By Motion (the “Tax Return Motion”) [ECF 275] to compel the Debtor to file tax returns, filed November 26, 2013, Trustee Osborne sought entry of an order compelling the Debtor to file tax returns for himself and for multiple corporate entities owned by him “so the Trustee can determine whether any estate tax liability exists arising from the numerous business entities owned by the Debtor.” The Trustee identified some 17 business corporations and limited liability companies as to which no tax returns had been filed — let alone provided to the Trustee — over multiple tax years. Following a hearing on the Motion held January 7, 2014, the Court granted the Motion by Order (the “Tax Return Order”) [ECF 281] entered January 16, 2014, which directed the Debtor “to file all outstanding tax returns, both personal and corporate, with the IRS and submit a copy-to the Trustee,” all by March 15, 2014.
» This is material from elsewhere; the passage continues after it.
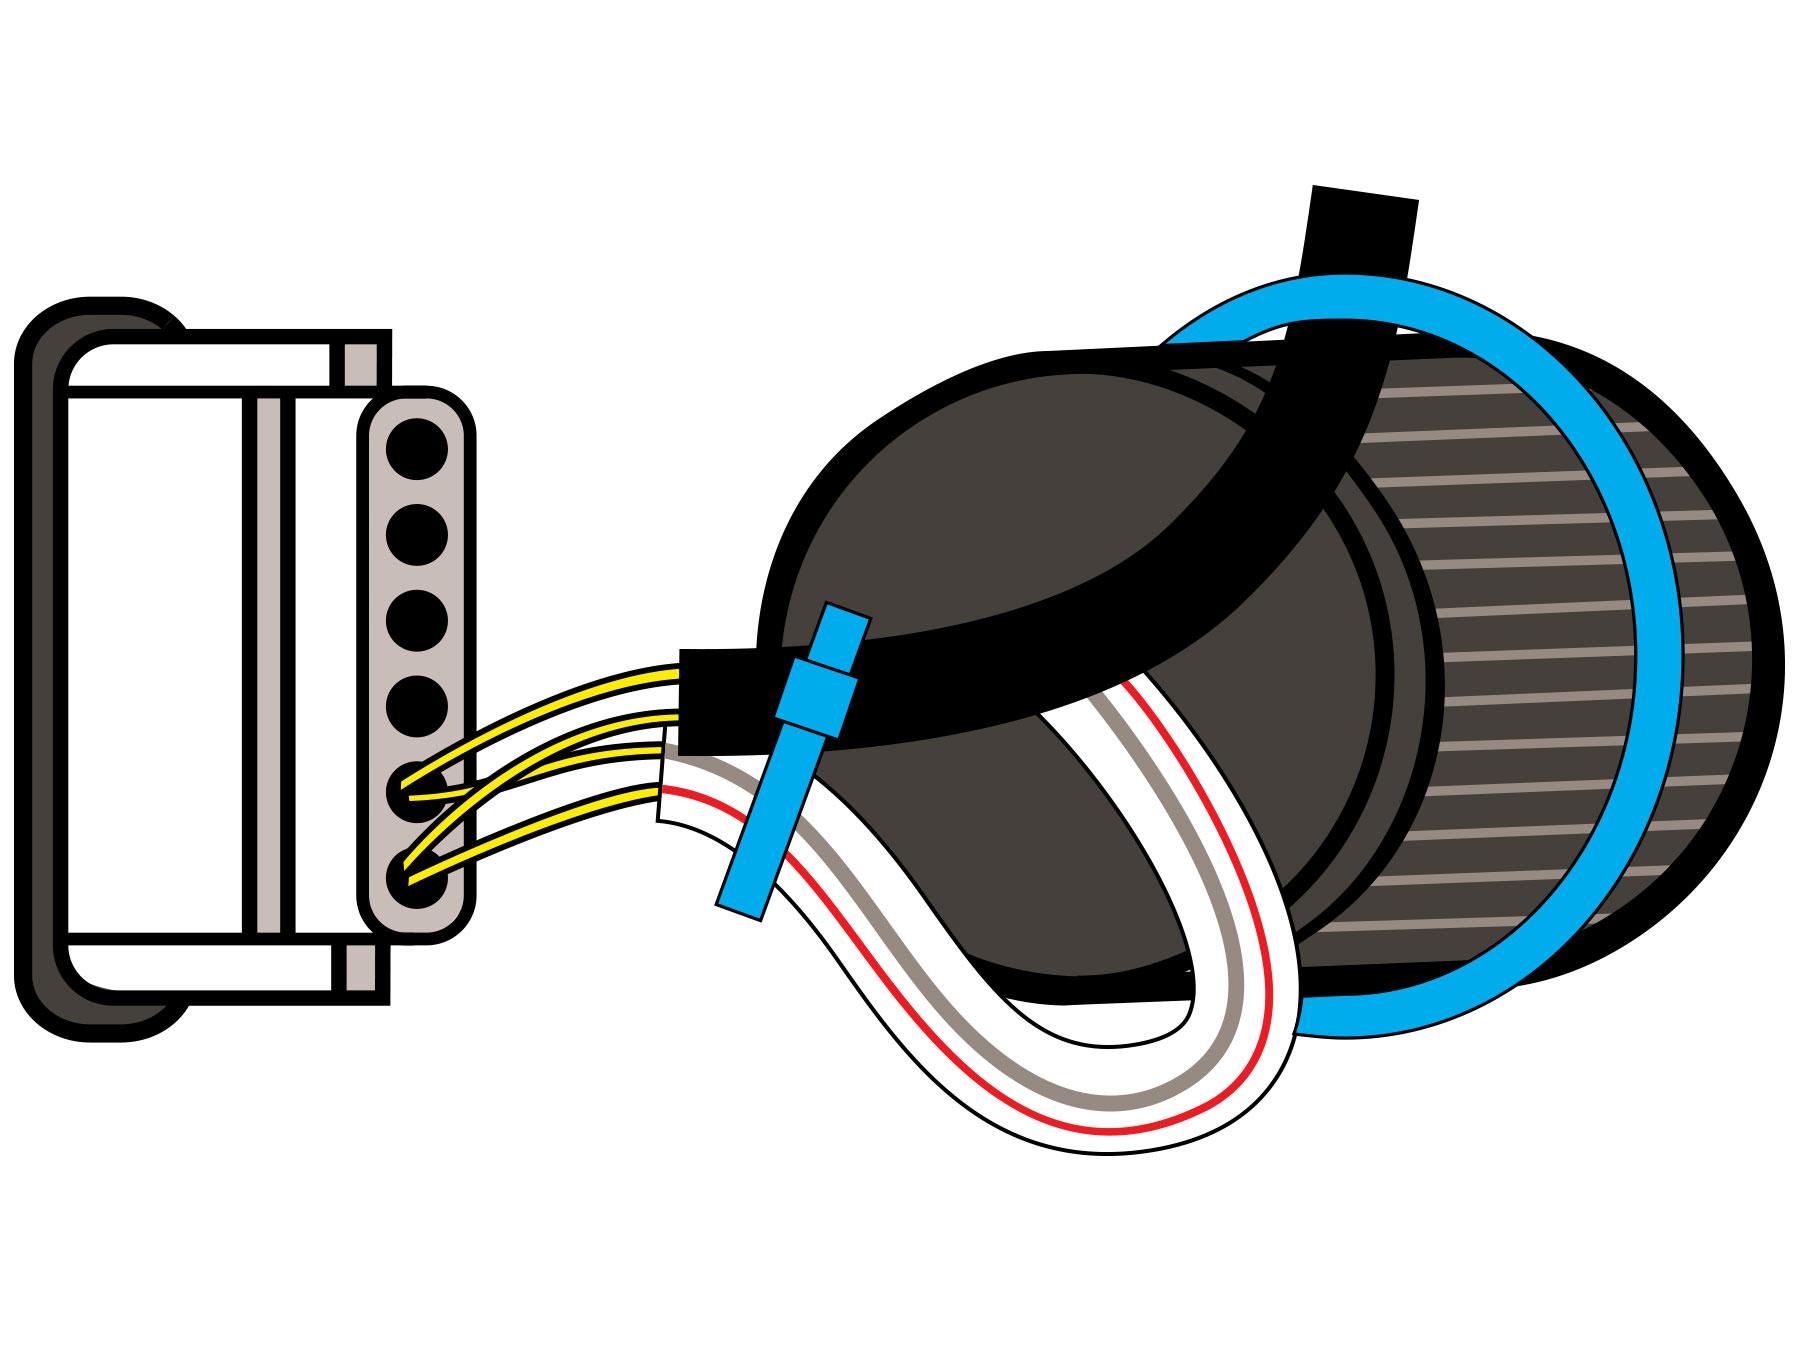 123 — Rear-View PowerSocket

By Motion (the “Tax Return Contempt Motion”) [ECF 292] filed by the Trustee on May 20, 2014 — more than two months after the March 15th deadline — the Trustee sought entry of an order holding the Debtor in contempt for failure to comply with the Tax Return Order. The Tax Return Contempt Motion represented that

*811despite being provided an additional two months after the Court' ordered deadline, the Debtor has only filed 8 tax returns and has failed to file 87 tax returns. Moreover, the Debtor has failed to file any tax returns for 11 of the Debtor’s entities. [Footnote omitted.]

In his pro se response [ECF 302], the Debtor asserted that he had “attempted in good faith to comply with the Court’s imposed 2-month deadline,” asserted that 61 tax returns had been completed,11 and that of the 87 missing returns, “at least 4” were not required.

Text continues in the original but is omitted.